PROBLEM:
Reproduce, unaltered, the line with "After the bush" along with every line that follows it in the records, up to the last.

(DATA FOR THIS EXERCISE)

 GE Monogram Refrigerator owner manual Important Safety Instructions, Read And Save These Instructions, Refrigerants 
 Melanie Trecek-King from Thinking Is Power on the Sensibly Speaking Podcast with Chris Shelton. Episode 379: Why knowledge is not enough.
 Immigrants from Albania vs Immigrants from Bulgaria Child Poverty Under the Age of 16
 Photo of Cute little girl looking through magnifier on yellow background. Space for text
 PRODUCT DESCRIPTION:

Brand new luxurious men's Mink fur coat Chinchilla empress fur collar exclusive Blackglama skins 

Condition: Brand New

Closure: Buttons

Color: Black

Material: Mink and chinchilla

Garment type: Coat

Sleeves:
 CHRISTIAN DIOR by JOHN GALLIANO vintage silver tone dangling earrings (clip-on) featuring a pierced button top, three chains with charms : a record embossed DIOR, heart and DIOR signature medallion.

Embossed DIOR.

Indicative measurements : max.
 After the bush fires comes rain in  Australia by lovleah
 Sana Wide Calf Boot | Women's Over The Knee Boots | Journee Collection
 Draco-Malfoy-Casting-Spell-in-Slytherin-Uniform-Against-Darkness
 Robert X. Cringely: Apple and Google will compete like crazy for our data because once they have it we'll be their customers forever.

(End DATA FOR THIS EXERCISE)

RESPONSE TO THIS EXERCISE:
 After the bush fires comes rain in  Australia by lovleah
 Sana Wide Calf Boot | Women's Over The Knee Boots | Journee Collection
 Draco-Malfoy-Casting-Spell-in-Slytherin-Uniform-Against-Darkness
 Robert X. Cringely: Apple and Google will compete like crazy for our data because once they have it we'll be their customers forever.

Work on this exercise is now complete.